Stench may force evacuations
Algae bloom on Little Gaynor Lake may pose health hazards


LONGMONT — An overwhelming stink from a stagnant pond south of the city may force nearby residents to evacuate their homes, health officials said Thursday.

Homeowners around Little Gaynor Lake, located southeast of the intersection of 95th Street and Oxford Road, received the warning from a Boulder County Public Health hotline message Thursday evening.

Jennifer Haratsaris, one of several nearby residents who complained of the oppressive stench, said the odor around her home has grown so vile in recent weeks that her husband suffered from headaches.

“Every night it smells really bad, like rotten eggs and sulfur,” Haratsaris said. “It’s really unpleasant. It’s put a damper on the neighborhood.”

Health officials may be unable to treat the problem because the stink is a naturally occurring phenomenon.

Unusually hot weather in July helped create an enormous algae bloom in the pond that is producing large amounts of hydrogen sulfide, county spokesman Jim Burrus said.

“This stuff is heavier than air, so it pools in low-lying areas,” Burrus said of the gas. “We don’t suspect it’s a major public health problem.”

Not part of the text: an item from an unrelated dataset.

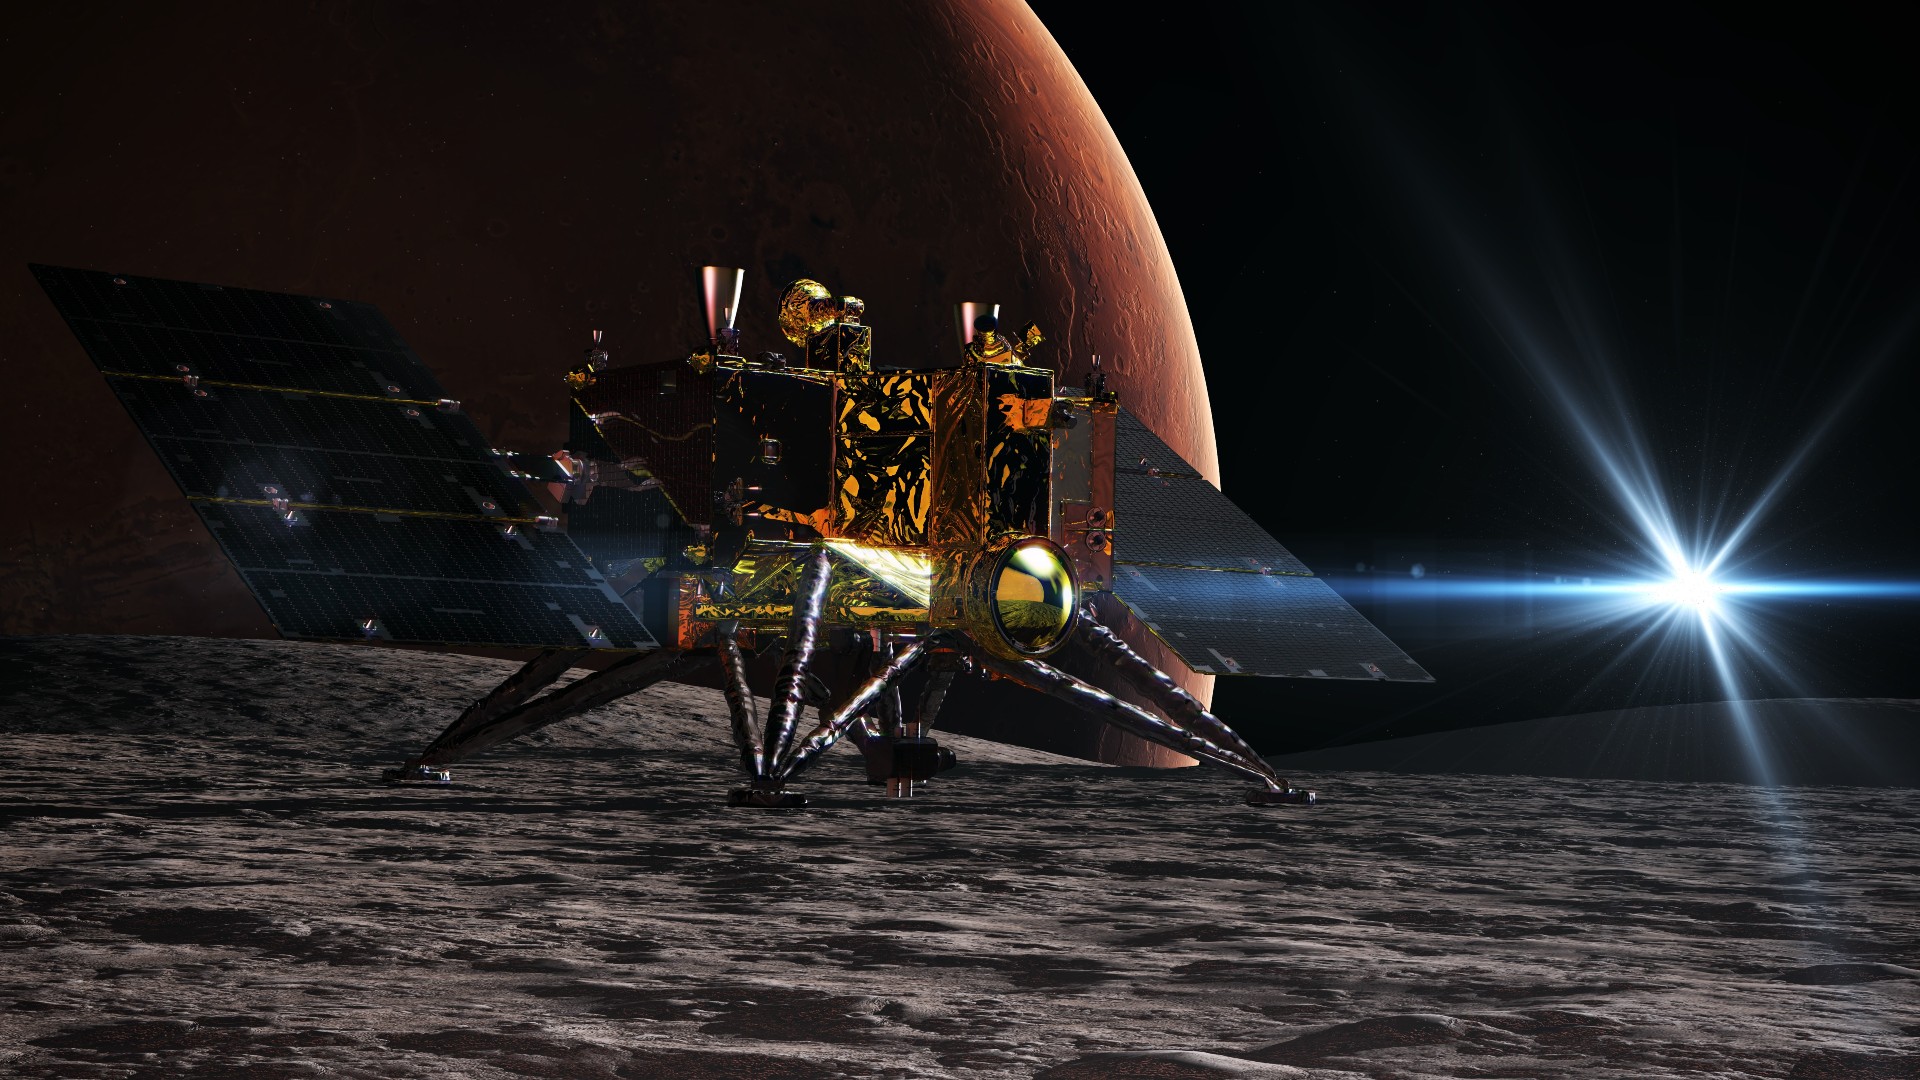 Japan may delay its Mars moon sampling mission MMX due to rocket problems

However, the health department’s hotline, 303-441-1460, urged residents to evacuate and see a doctor if they experience headaches, nausea, eye irritation, confusion, seizures or tremors.

Ecologists refer to Little Gaynor Lake as a “prairie pothole,” a low-lying body of water with no fresh water moving through it, Burrus said.

Officials have no plans to treat the water with chemicals because it a wildlife sanctuary managed by Boulder County Parks and Open Space. However, they may dump barley hay in the water to curb algae growth, Burrus said.

Health workers scrambled Thursday to find a private company that can sample air quality around the lake and determine if the air has reached dangerous levels, Burrus said.

Air monitoring will likely begin Saturday, but results may not be available for weeks, he said.

Aine Loomis, who has lived next to the pond for six years, said she first noticed a stench coming from the water about a month ago.

“It’s a very pretty lake, but I guess this is the downside of living next to it,” she said. “It’s like a bad septic tank. It wakes you up at night.”